§ Supplied data:
---

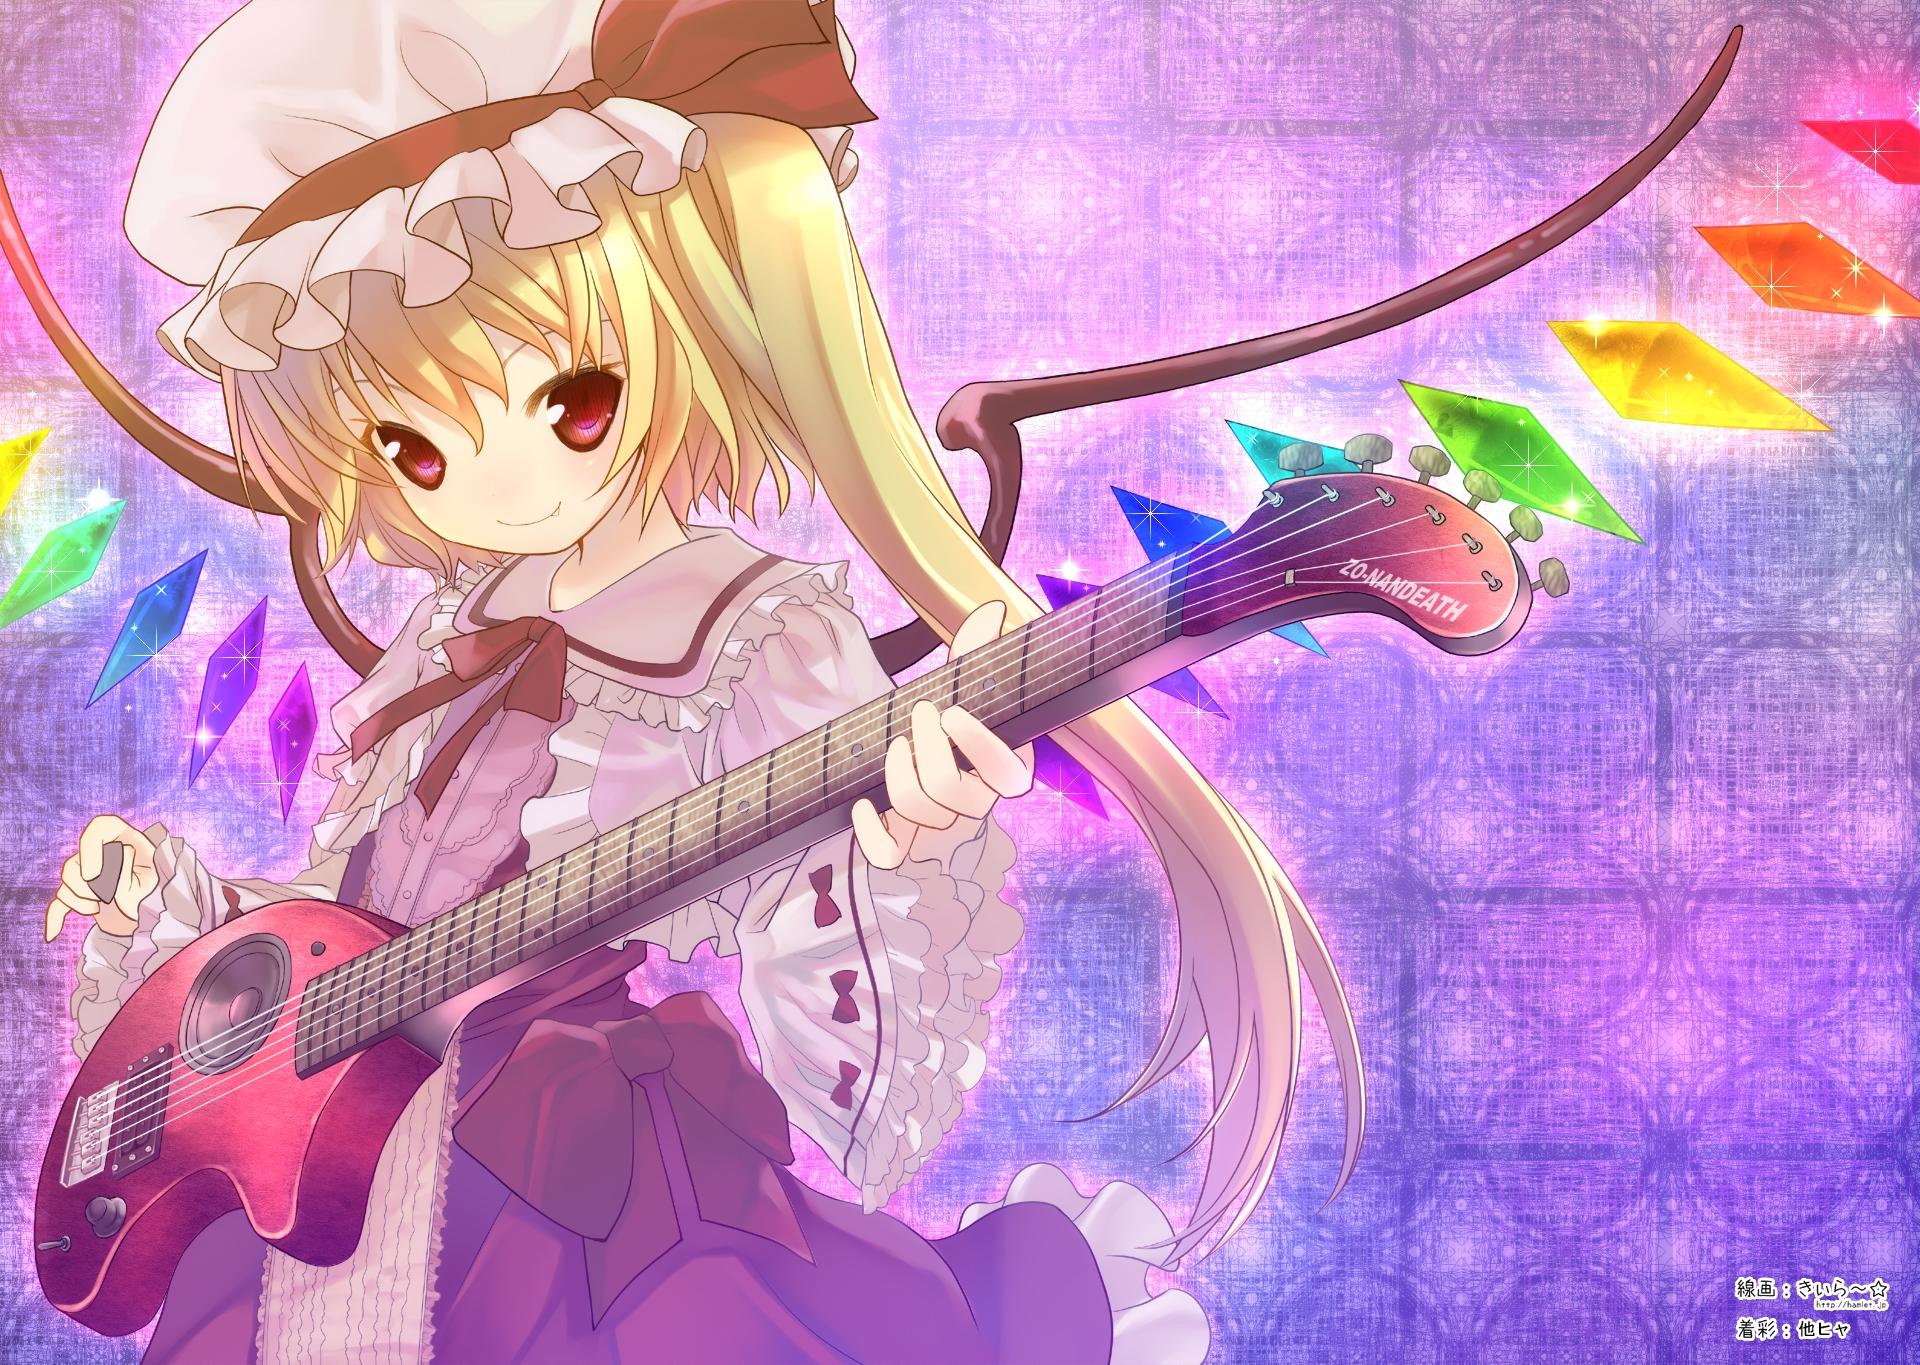 blonde_hair dress fang flandre_scarlet guitar hat instrument long_hair red_eyes ribbons tahya touhou vampire wings
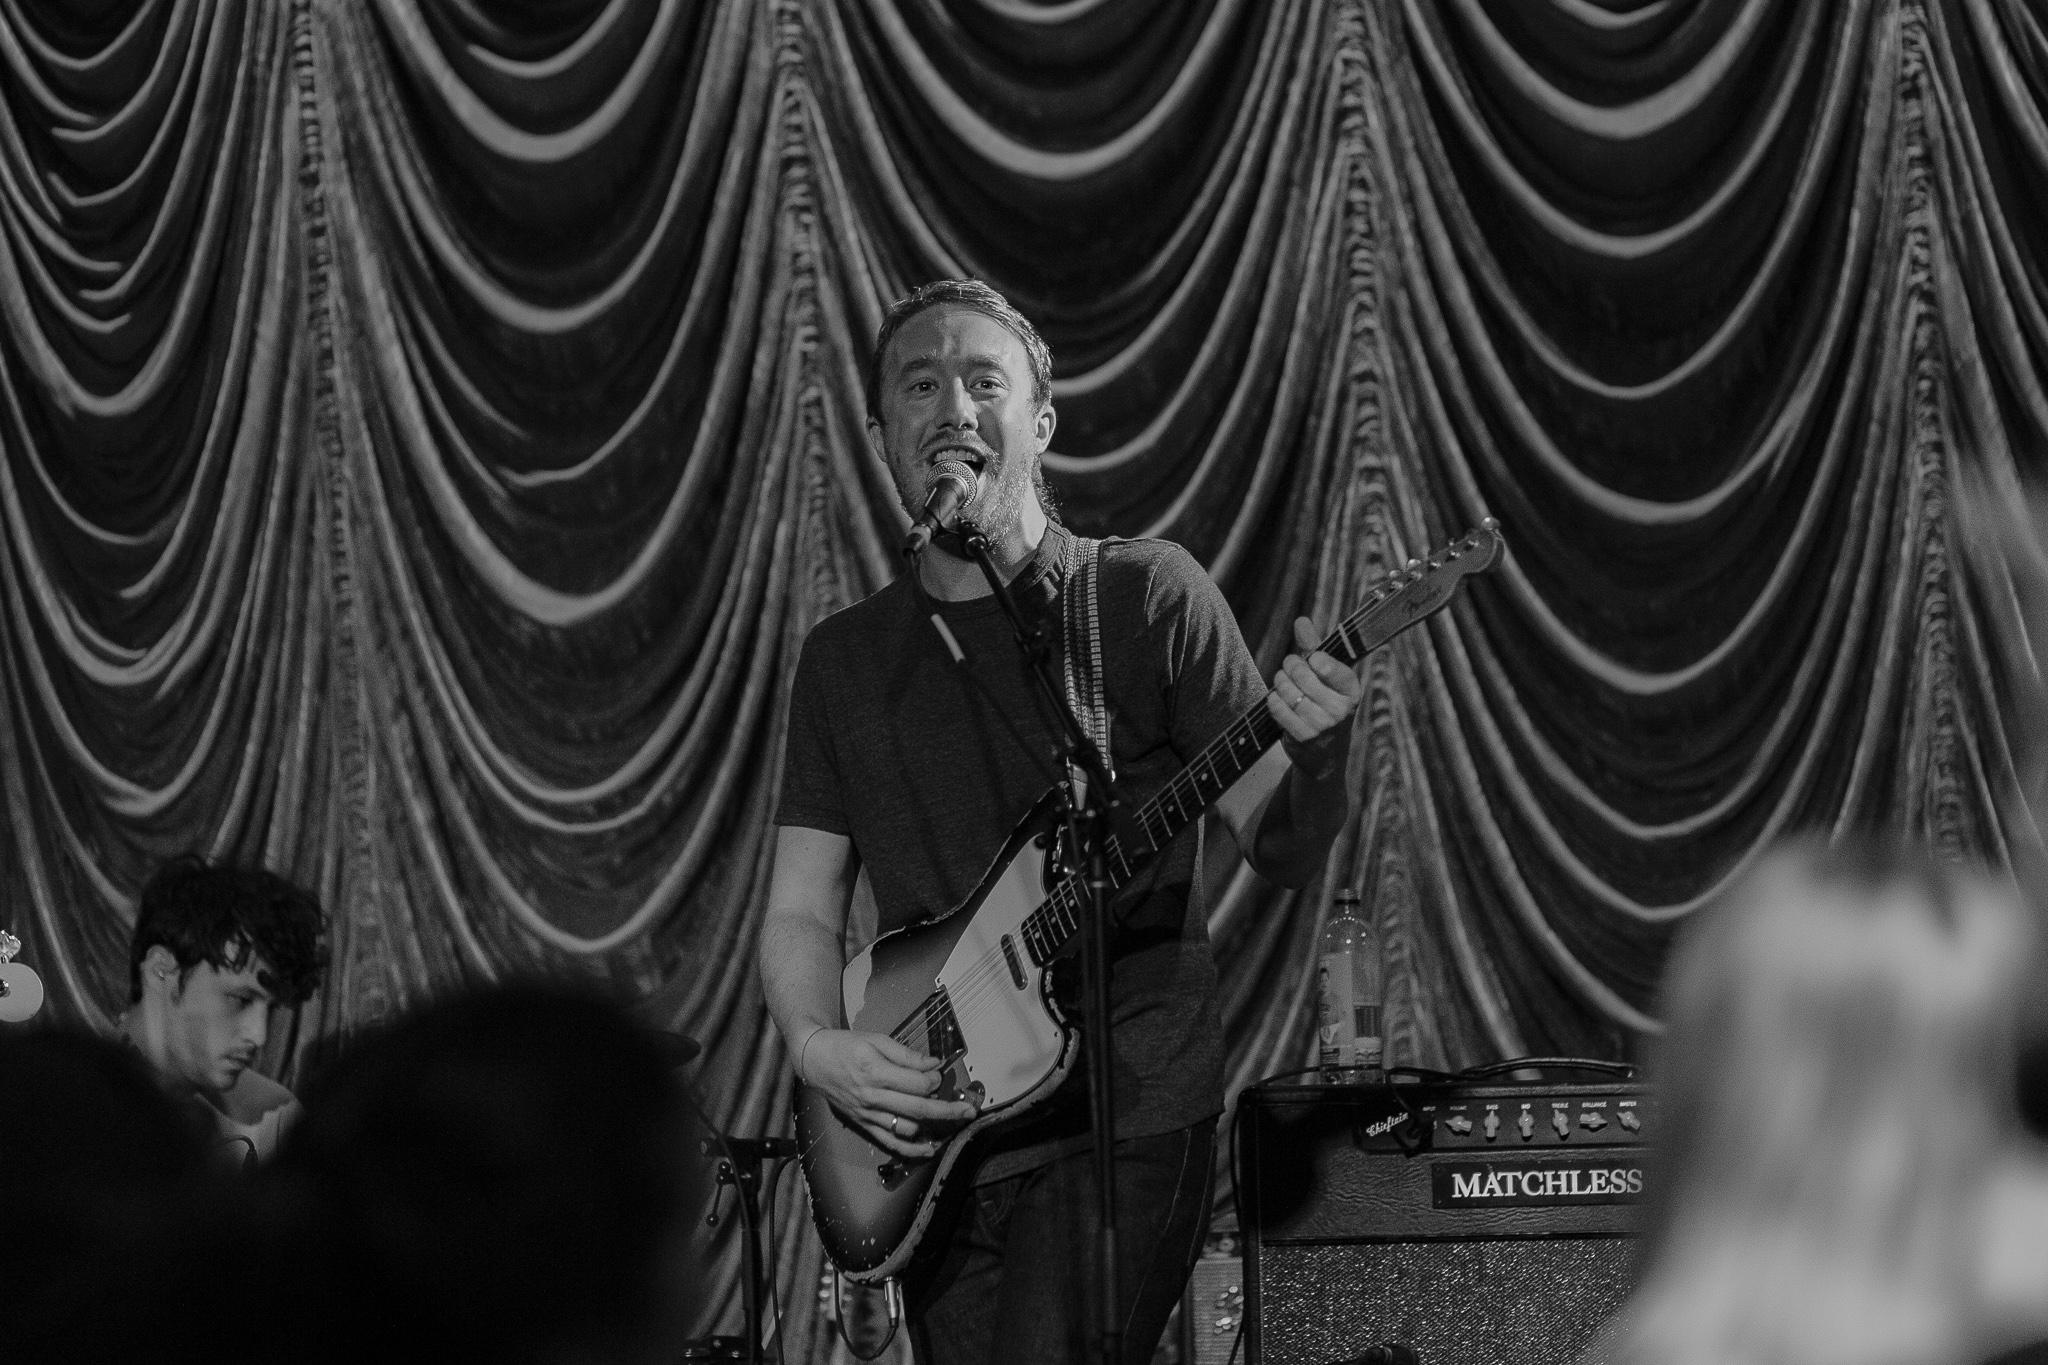 Wilderado perform at The Foundry in Philadelphia, PA. Shot by Nicole DiBenedetto - https://www.nicoledibphotography.com/ - for Sound Bites Media.
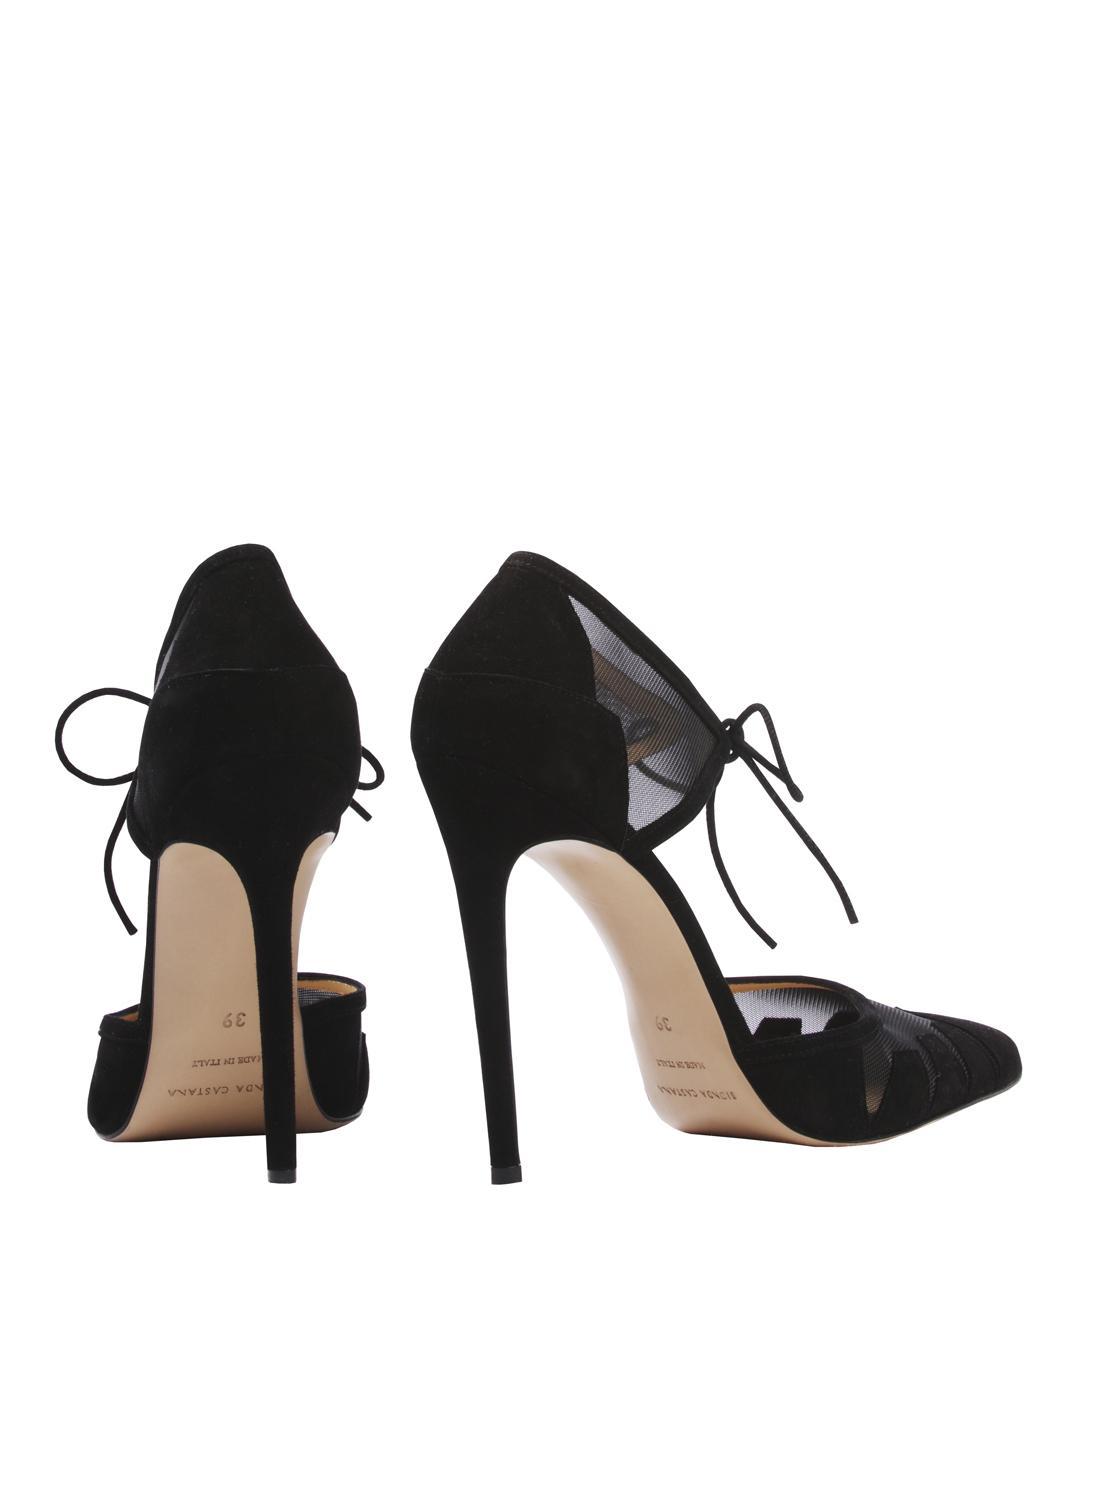 0487bdb4b8a Lyst - Bionda Castana Lana Black Suede Ankle Tie Pumps - Last Pair ...
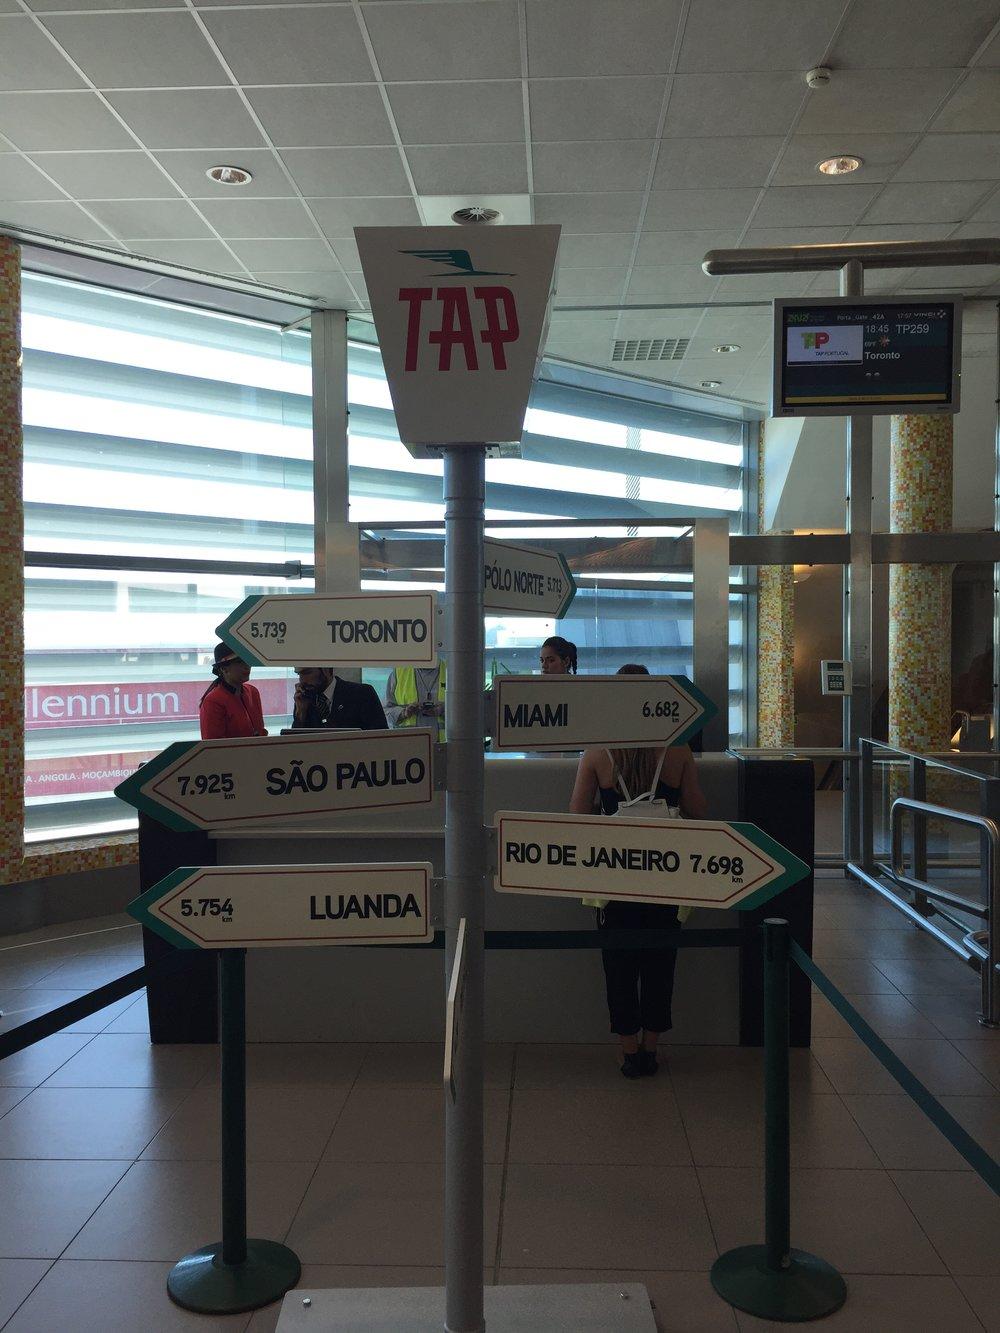 Lisbon airport TAP.JPG

---

§ What to work on: Pictures aside, reproduce all of the data exactly.

§ Solution below:
 blonde_hair dress fang flandre_scarlet guitar hat instrument long_hair red_eyes ribbons tahya touhou vampire wings
 Wilderado perform at The Foundry in Philadelphia, PA. Shot by Nicole DiBenedetto - https://www.nicoledibphotography.com/ - for Sound Bites Media.
 0487bdb4b8a Lyst - Bionda Castana Lana Black Suede Ankle Tie Pumps - Last Pair ...
 Lisbon airport TAP.JPG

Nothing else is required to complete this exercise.